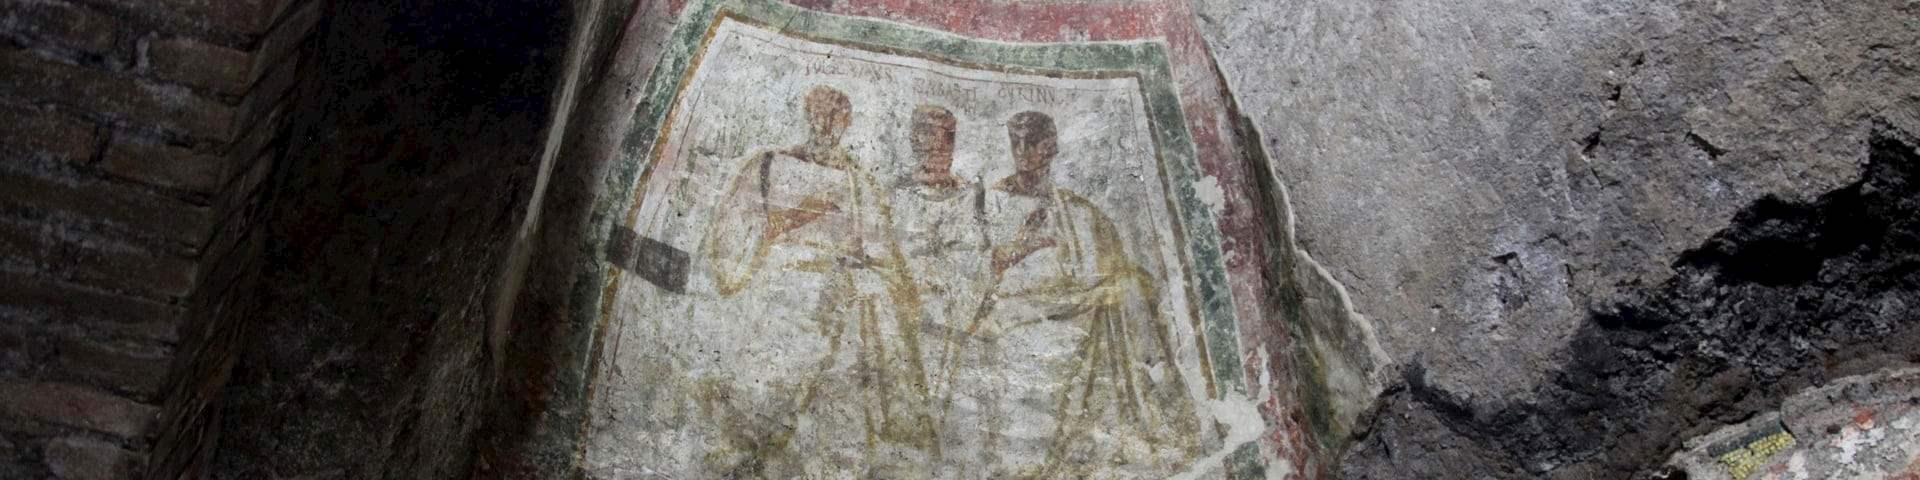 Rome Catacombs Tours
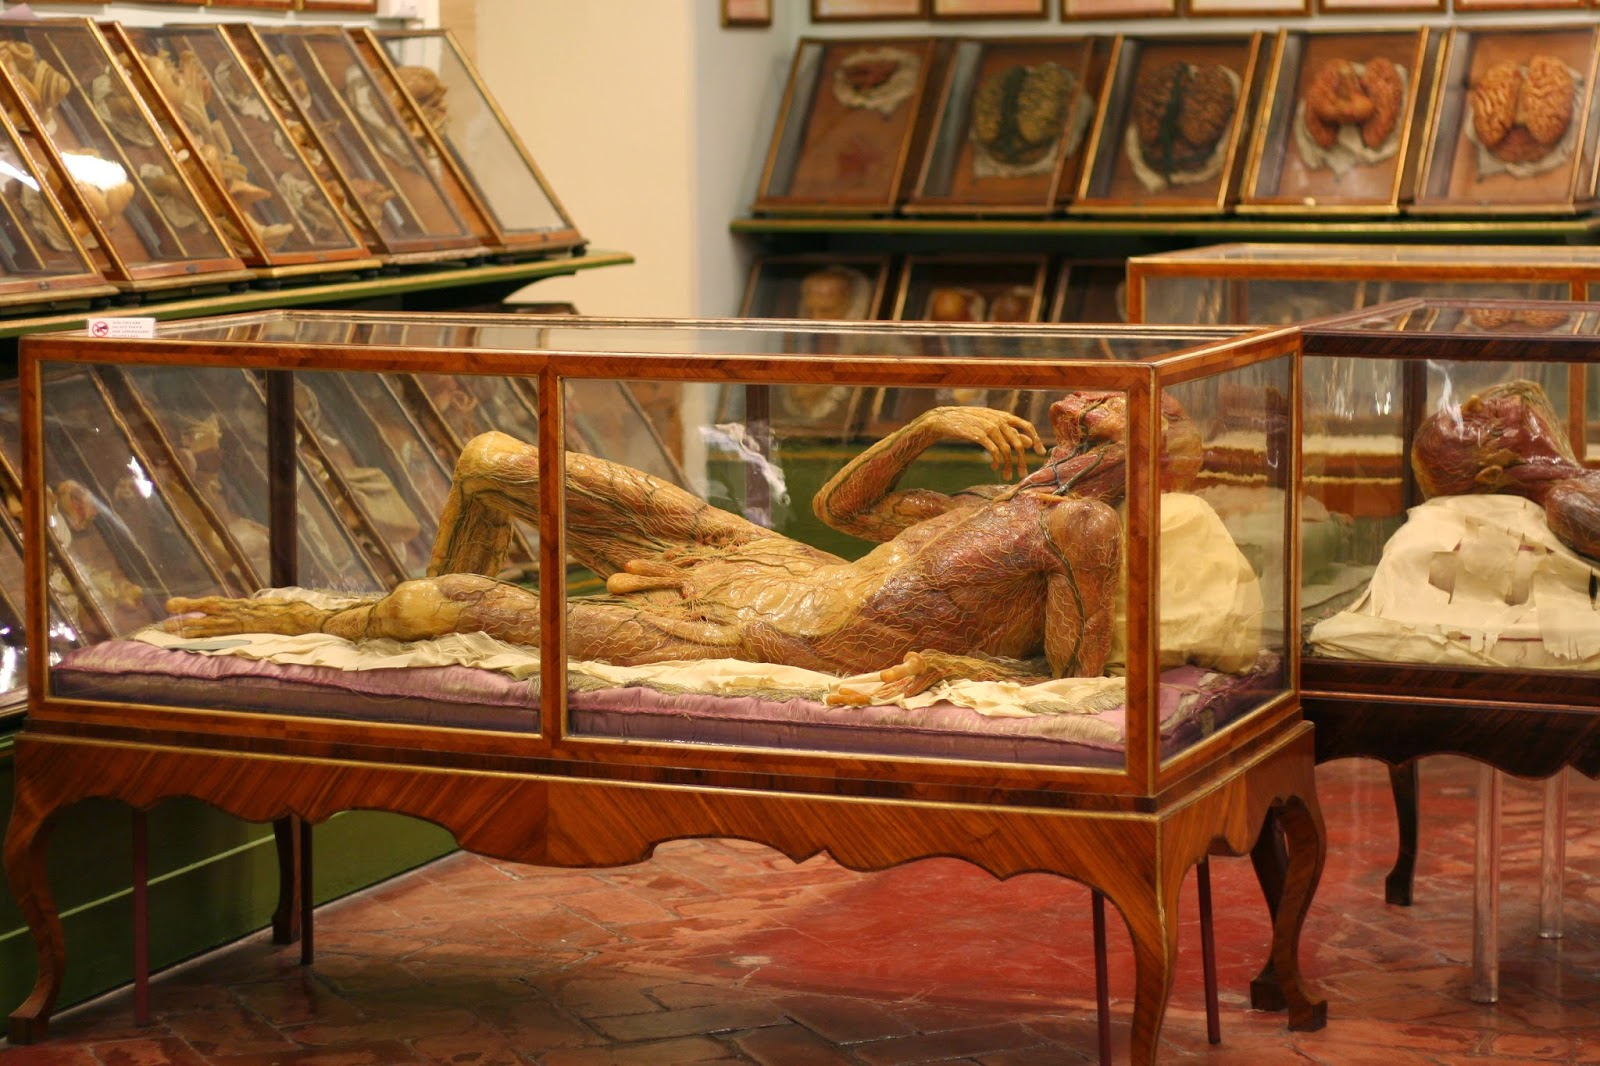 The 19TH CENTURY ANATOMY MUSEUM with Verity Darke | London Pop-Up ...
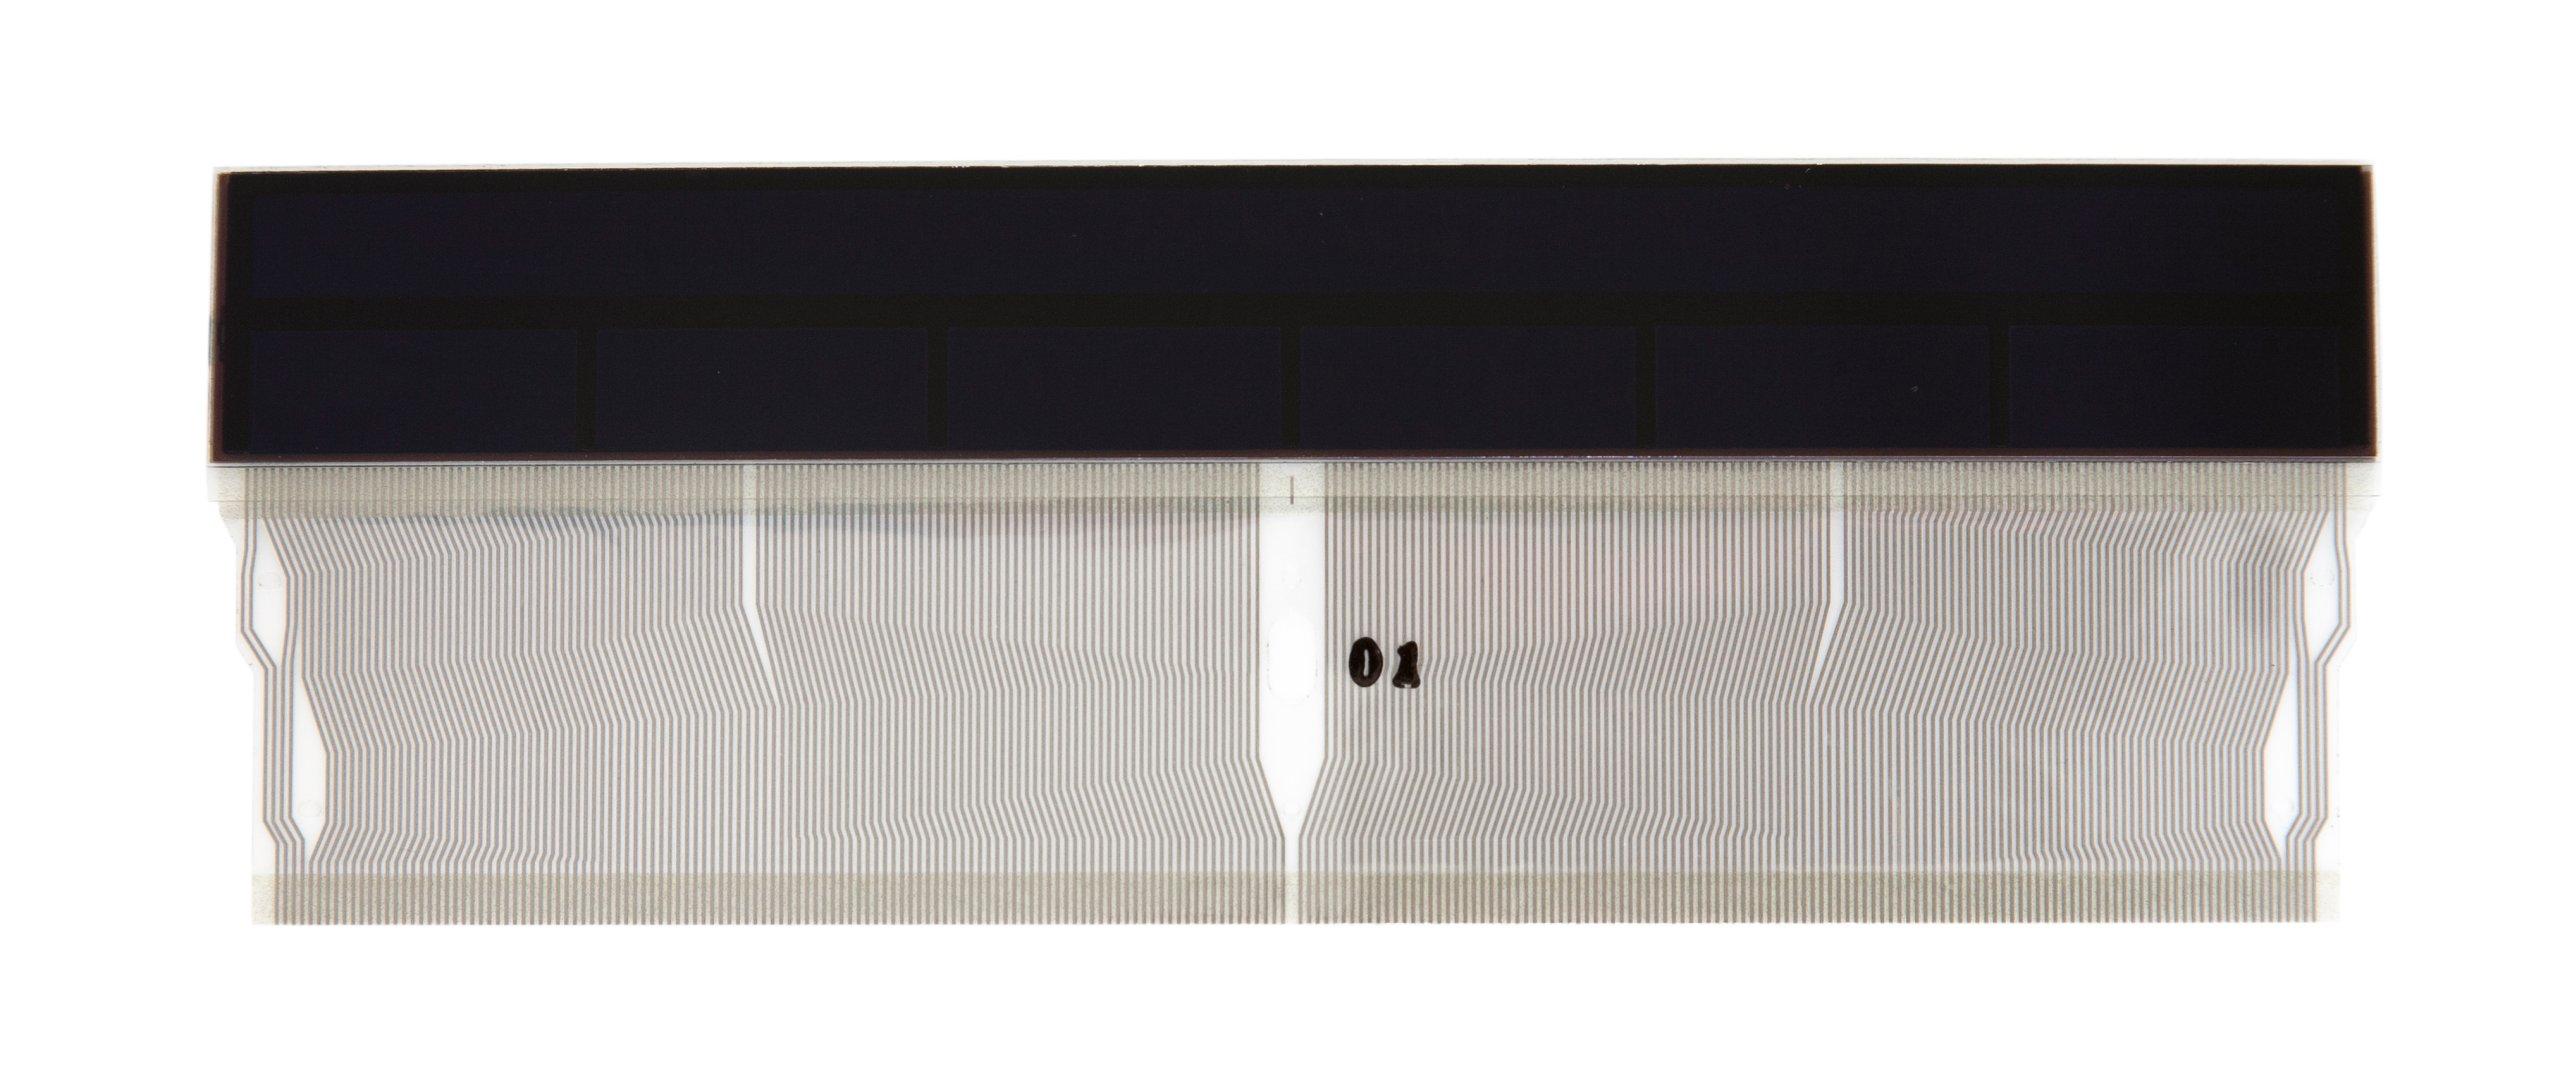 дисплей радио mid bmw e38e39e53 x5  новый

* **Directions**
Would you transcribe all of the data exactly, omitting any pictures?

* **Task response**
 Rome Catacombs Tours
 The 19TH CENTURY ANATOMY MUSEUM with Verity Darke | London Pop-Up ...
 дисплей радио mid bmw e38e39e53 x5  новый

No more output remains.